8. Acts and Psalms [New Testament]

9. Myths of the Norsemen, Helene A. Guerber *

10. Beowulf

11. The Song of Roland

12. A Treasury of Irish Fairy and Folk Tales, Barnes & Noble *

13. Tales from the Arabian Nights, Richard F. Burton *

14. Grimm’s Complete Fairy Tales, B & N *

15. Hans Christian Andersen Classic Fairy Tales, B & N *

16. Mystic Warriors of the Plains, T. E. Mails *

Note

In terms of Howard, I have been negligent in not reading Bulfinch’s Mythology.
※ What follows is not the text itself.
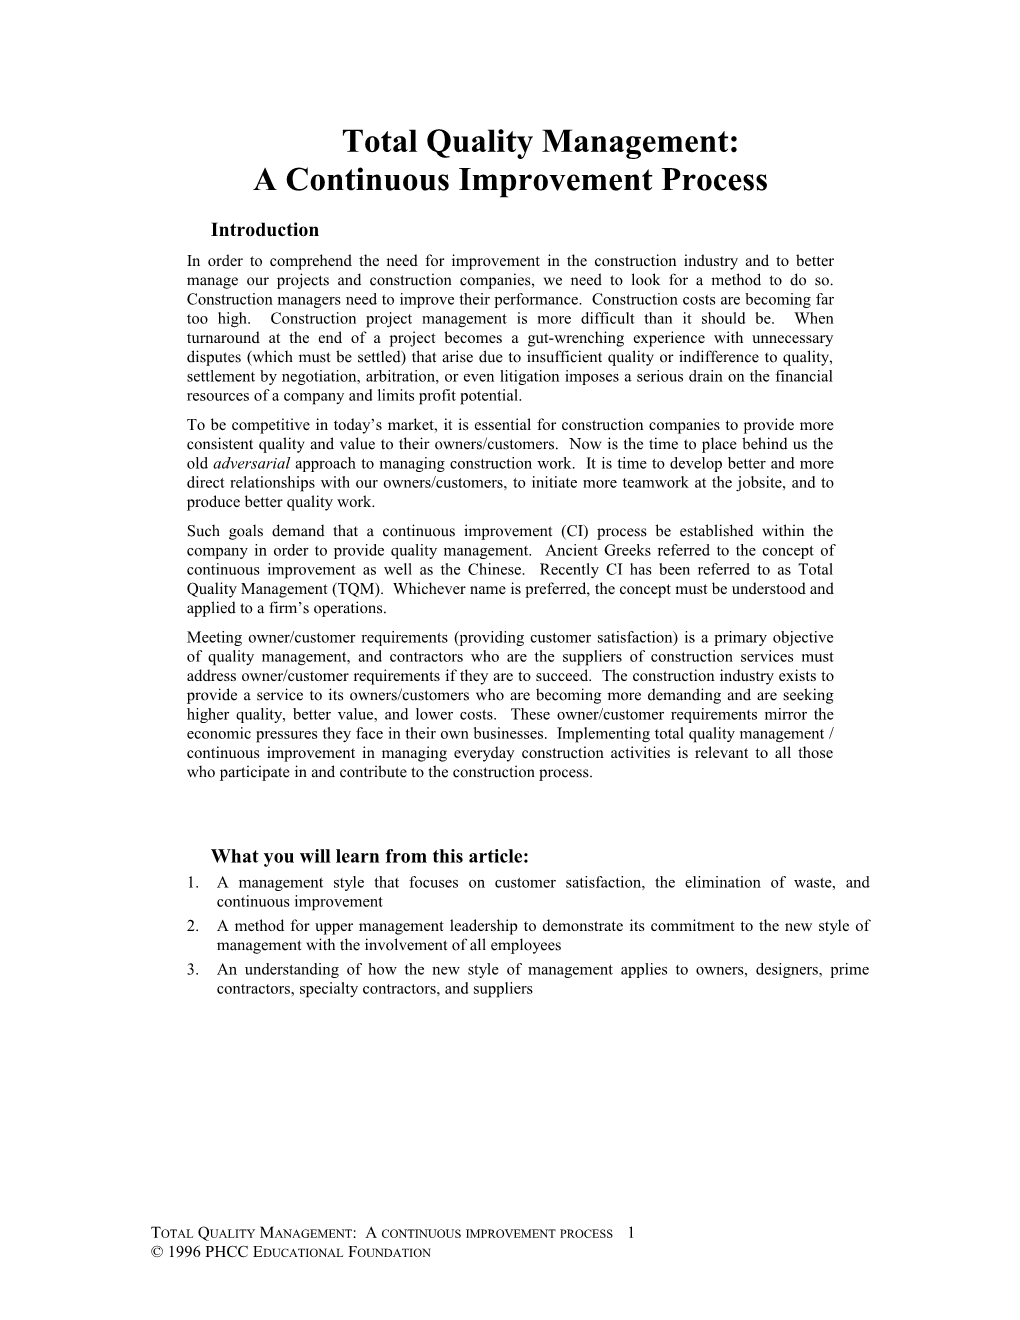 Total Quality Management:A Continuous Improvement Process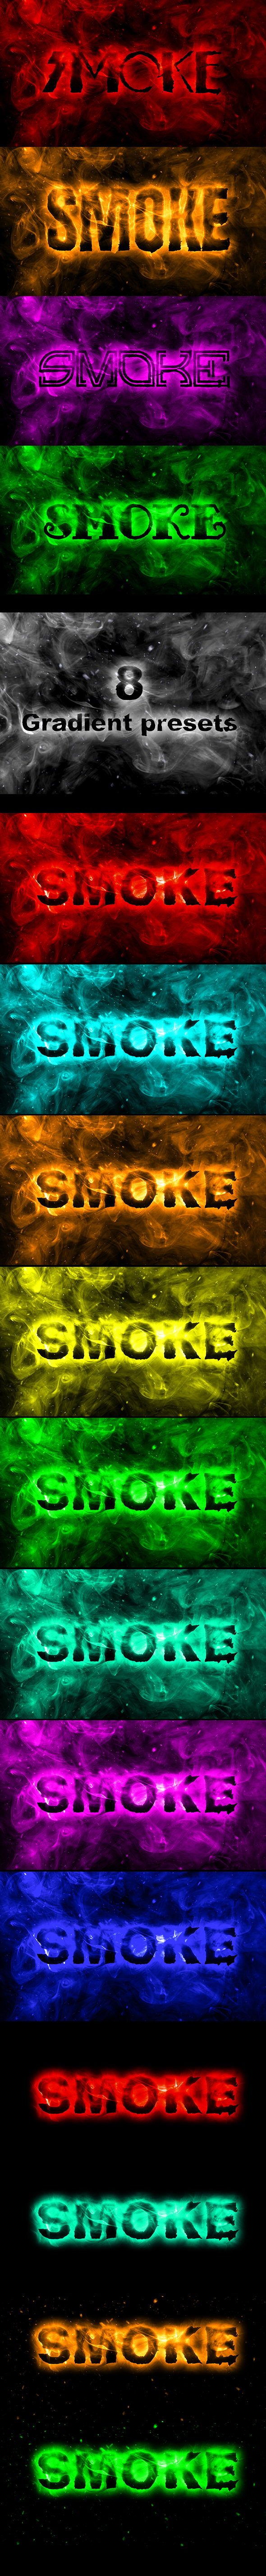 Realistic Smoke Editable Text

However, with limited funds, and having in my possession far better ancient Greek sources than Bulfinch [for his work covered the western mythic experience from ancient Greece to the Arthurian cycle and the Norse sagas], and the fact that I am engaged in a mythic impression, not a bibliographical one, I decided against using my Barnes & Noble gift card on Bulfinch and instead purchased the Irish Fairy Tales and Norse Myths collections cited above.

Add Comment
Sam J.June 2, 2016 7:27 AM UTC

I saw you listed Grim's Fairy tales. Another good set of tales is the Jack Tales. Like the Jack and the Giant.

http://www.ibiblio.org/bawdy/folklore/tales.html

Br'er Rabbit

https://en.wikipedia.org/wiki/Br'er_Rabbit

"AEsop's fables" are good too.

https://archive.org/details/aesopsfables00aesorich

All these tales have meaning to them. Mostly short.

"ILLUSIONS The Adventures of a Reluctant Messiah" by Richard Bach

http://www3.cs.stonybrook.edu/~ppenumarthi/illusions.pdf

Bach also wrote "Jonathon Livingston Seagull". I met him once my Dad knew him.